How to I encode a number so that small changes result in very different encodings?

Question

I'm working in C#. I have an unsigned 32-bit integer i that is incremented gradually in response to an outside user controlled event. The number is displayed in hexadecimal as a unique ID for the user to be able to enter and look up later. I need i to display a very different 8 character string if it is incremented or two integers are otherwise close together in value (say, distance < 256). So for example, if i = 5 and j = 6 then:

string a = Encoded(i); // = "AF293E5B"
string b = Encoded(j); // = "CD2429A4"

The limitations on this are:

1. I don't want an obvious pattern in how the string changes in each increment.
2. The process needs to be reversible, so if given the string I can generate the original number.
3. Each generated string needs to be unique for the entire range of a 32-bit unsigned integers, so that two numbers don't ever produce the same string.
4. The algorithm to produce the string should be fairly easy to implement and maintain for both encoding and decoding (maybe 30 lines each or less).

However:

1. The algorithm does not need to be cryptographically secure. The goal is obfuscation more than encryption. The number itself is not secret, it just needs to not obviously be an incrementing number.
2. It is alright if looking at a large list of incremented numbers a human can discern a pattern in how the strings are changing. I just don't want it to be obvious if they are "close".

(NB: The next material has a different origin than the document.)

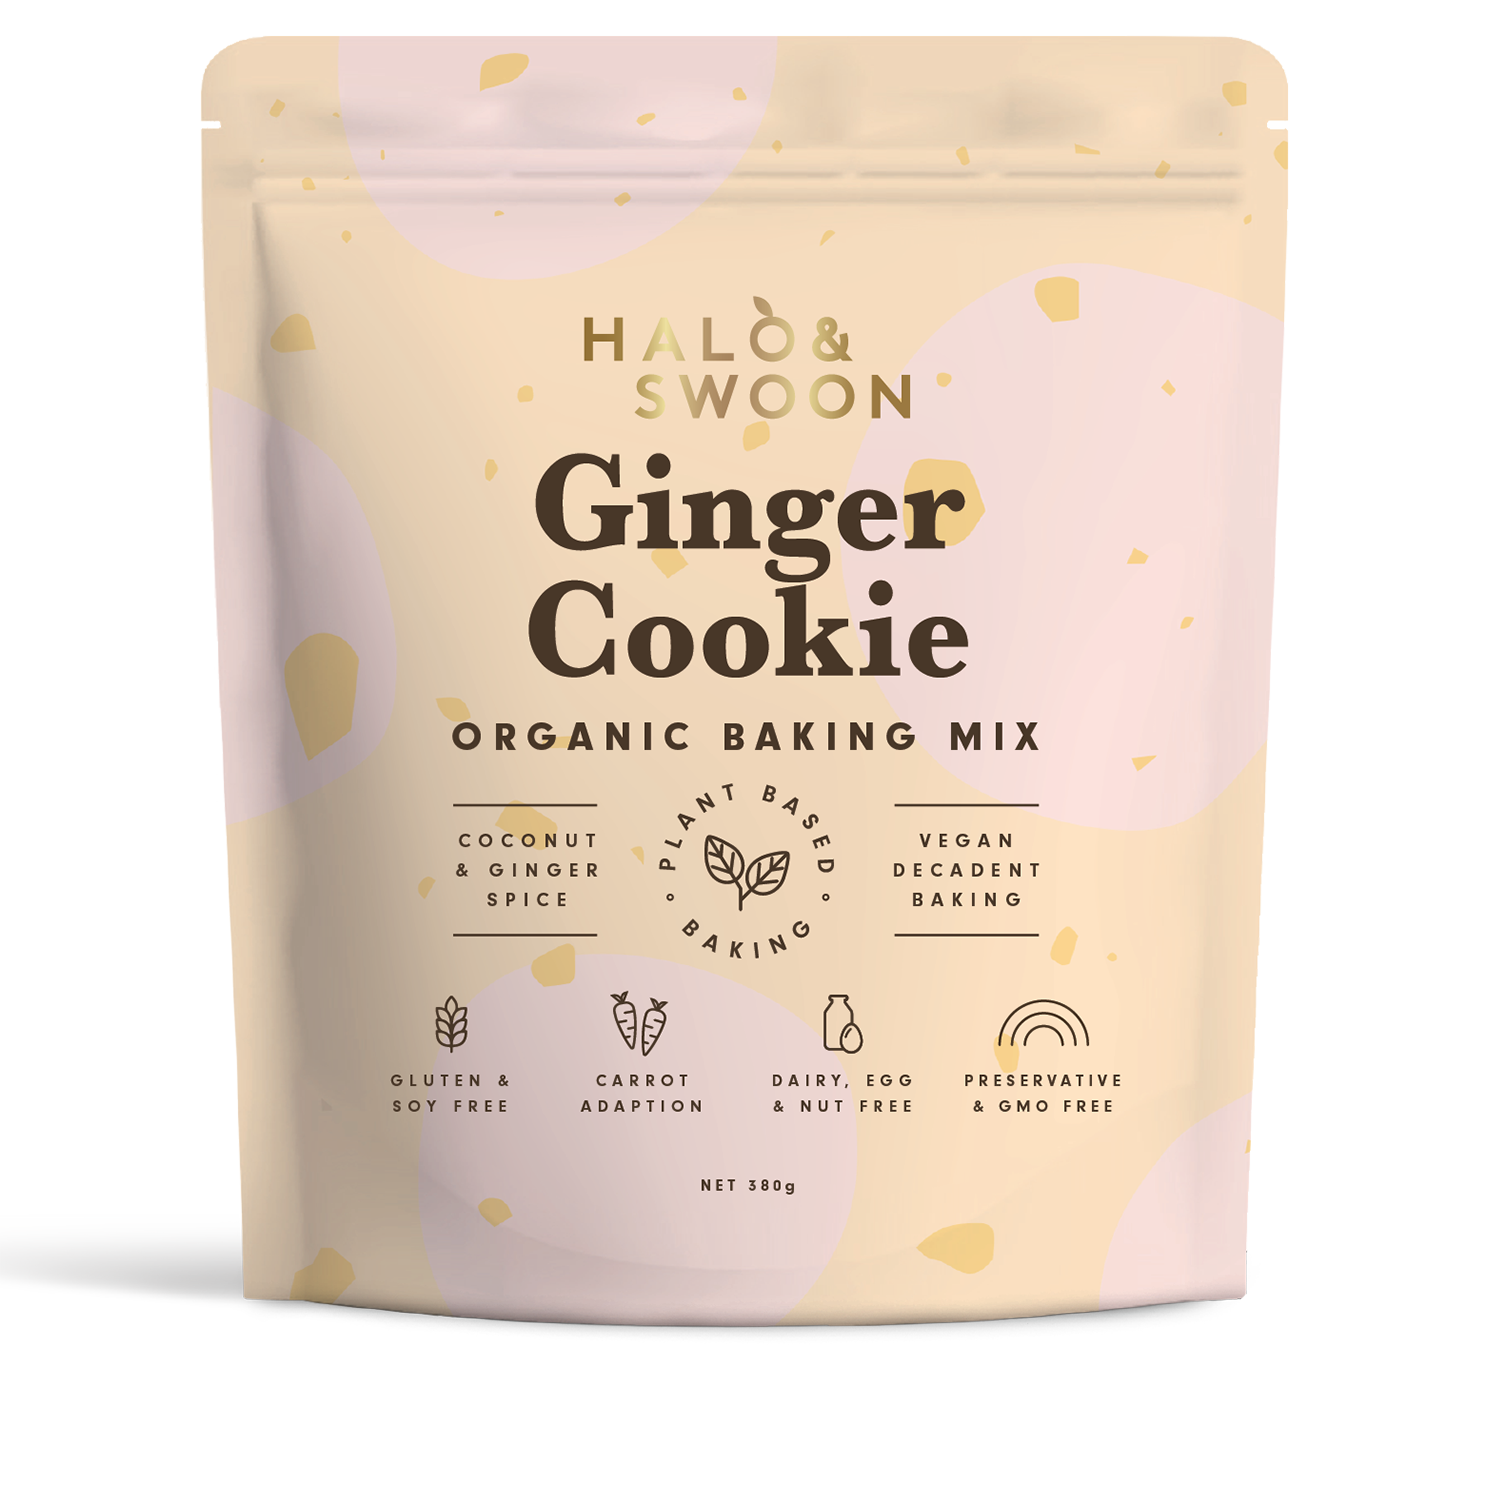 Halo & Swoon Ginger Cookie - organic, vegan, gluten-free baking mix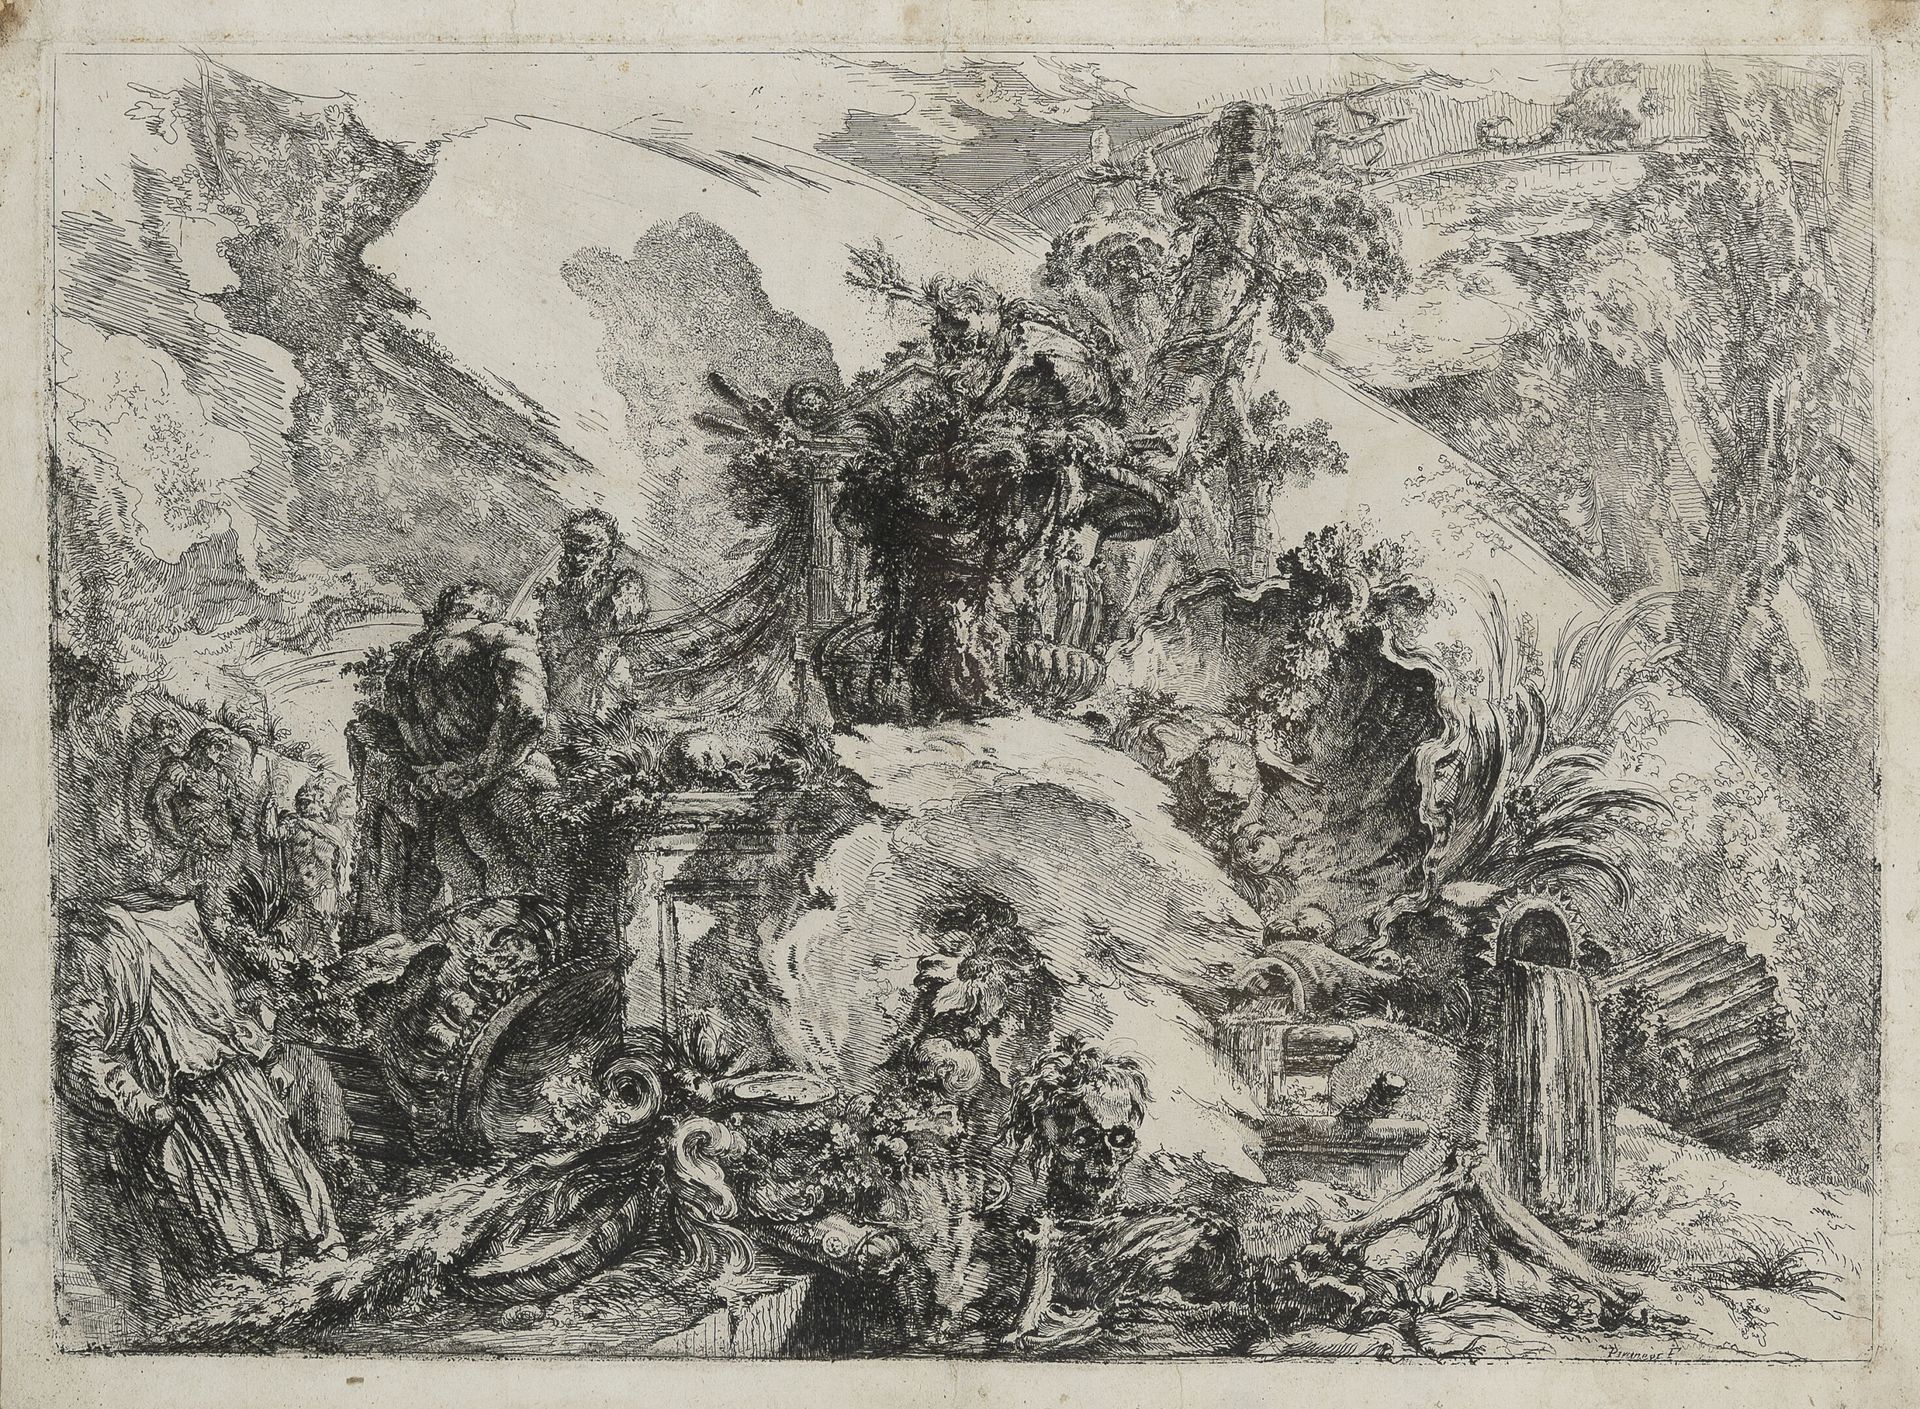 D'APRÈS JEAN-BAPTISTE PIRANESE (1720-1778) Capriccio mit Grotesken, Ruinen und B&hellip;

I recognize that a Minimal Perfect Hash Function meets these requirements, but I haven't been able to find one that will do what I need or learn how to derive one that will.

I have seen this question, and while it is along similar lines, I believe my question is more specific and precise in its requirements. The answer given for that question (as of this writing) references 3 links for possible implementations, but not being familiar with Ruby I'm not sure how to get at the code for the "obfuscate_id" (first link), Skipjack feels like overkill for what I need (2nd link), and Base64 does not use the character set I'm interested in (hex).

Answer 1

y = p * x mod q is reversible if p and q are co-primes. In particular, mod 2^32 is easy, and any odd number is a co-prime of 2^32. Now 17,34,51,... is a bit too easy, but the pattern is less obvious for 2^31 < p < 2^32-2^30 (0x8000001-0xBFFFFFFF).